Nosotros pudimos ver estas motivaciones subjetivas, en la gente con la cual trabajamos, trabajadores jóvenes que hacían funcionar los teatros, con pocos medios económicos y técnicos, pero que sabían suplir estas deficiencias con un empeño a toda prueba. La voluntad de hacer las cosas bien era muy fuerte, y denotaba una pasión conmovedora, que quería vencer, a toda costa, las enormes dificultades que imponía el bloqueo, la guerra económica y el aislamiento político. Por estas razones, y por muchas otras, no estamos descontentos de que haya sido este proceso y este pueblo, los que, en un primer momento, nos inspiraron esta aventura de canción y de revolución. Lo cual no nos hace ciegos ante los problemas que en la propia Cuba se han planteado.

Cuando llegamos, nos encontramos al mundo de la cultura en pleno proceso de discusión. El problema de Padilla era asiduamente discutido por intelectuales y artistas, y durante nuestra estadía tuvo lugar el Congreso de la Cultura, en el cual se analizaba el rol de la cultura en el proceso revolucionario. Entre estos problemas, había uno que nos interesaba especialmente, y que, en cierto modo, estábamos ya comenzando a vivir con gran intensidad en Chile: el de cómo hacer un arte que naciera de un íntimo contacto con el pueblo y su realidad. En este sentido, había una tendencia en Cuba a crear obras a partir de la relación directa con el pueblo. Silvio Rodríguez se había ido a vivir con los marineros, a compartir su trabajo y sus experiencias con ellos, y el grupo de teatro del Escambray se había trasladado a la Sierra, con el objeto de crear sus obras a partir de la vida misma de los campesinos. Estas experiencias nos interesaban, y algunos trataron de rehabilitarlas en Chile. El grupo de Escambray había conseguido interesantes resultados, buscando que los mismos protagonistas de la vida, fueran creando las obras de teatro, que, después, observaban. Esto, al mismo tiempo que hacía del teatro una forma directa de expresión de los trabajadores, iba transformándolo en un órgano necesario, cosa importantísima y decisiva en medios como los nuestros, en los que el pueblo apenas sabe para qué puede servir el teatro. Participando en la construcción de la obra, los campesinos iban comprendiendo la estructura del teatro como una exigencia interna, y asimilando fácilmente su lenguaje y sus recursos.

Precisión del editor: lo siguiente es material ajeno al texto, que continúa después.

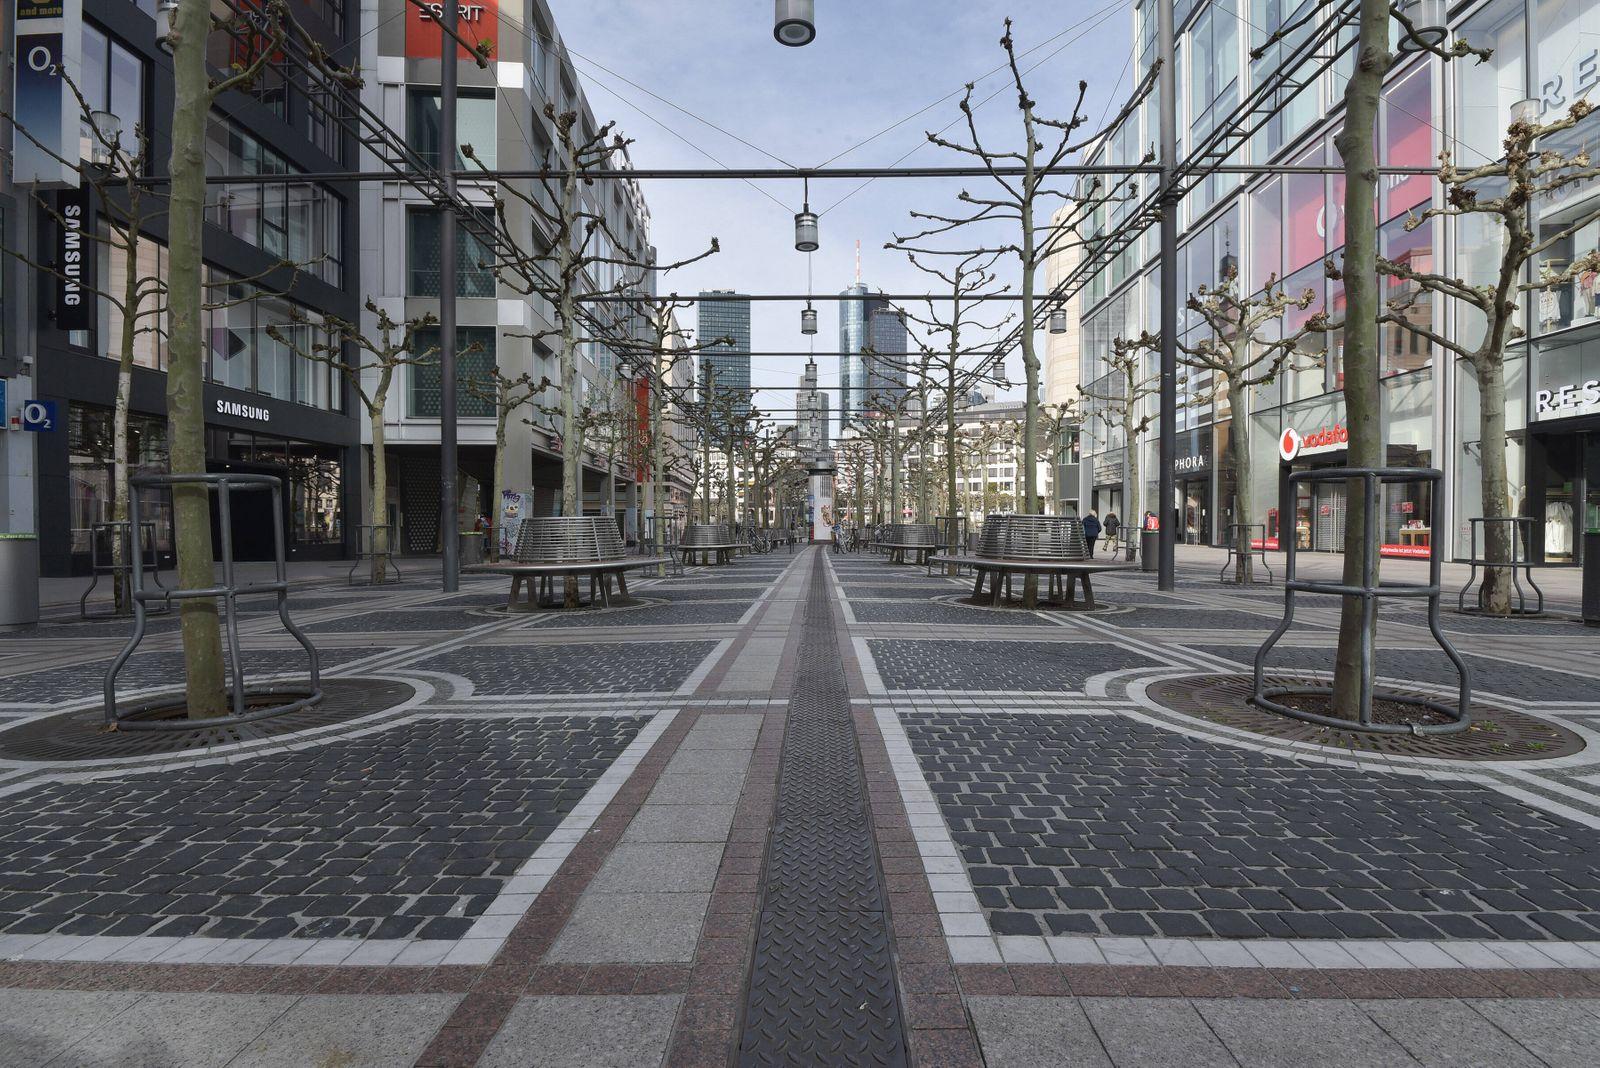 15.04.2020, xblx, Tag der Entscheidung: kommt es zu Lockerungen?, nur wenige Menschen auf der Zeil, emwirt Frankfurt am

Esta necesidad de vincularse con el pueblo directamente, no debe verse como una directriz política partidista, pues salir del círculo elitista, que ha sido hasta ahora su base de sustentación, es una exigencia esencial para todo el arte latinoamericano. El arte no puede existir, si no posee la legitimidad que le da el pueblo, por eso, sólo lo popular puede ser terreno fértil para iniciar la siembra. Así ha sido siempre en la historia, y así seguirá siendo, aunque, a partir de este basamento, en las distintas épocas, sigan surgiendo élites que necesiten de un arte más evolucionado. En el fondo, no hay que hacerse ilusiones al respecto, las formas elitistas del arte nunca terminarán, y, menos aún, cuando se generen y amplíen las formas más desarrolladas. Mientras más evolucionado es un arte, más supone como condición de su existencia, la pirámide del arte popular. El problema nuestro es que nuestro elitismo tiene como base el arte popular europeo, y no el nuestro. Esto lo decimos, para que no se nos tome como defensores ciegos de lo populista o de lo popular. Constituir sectas, cualquiera que éstas sean, no nos interesa; desautorizar la existencia de una corriente artística, por elitistas que sean sus propósitos, tampoco.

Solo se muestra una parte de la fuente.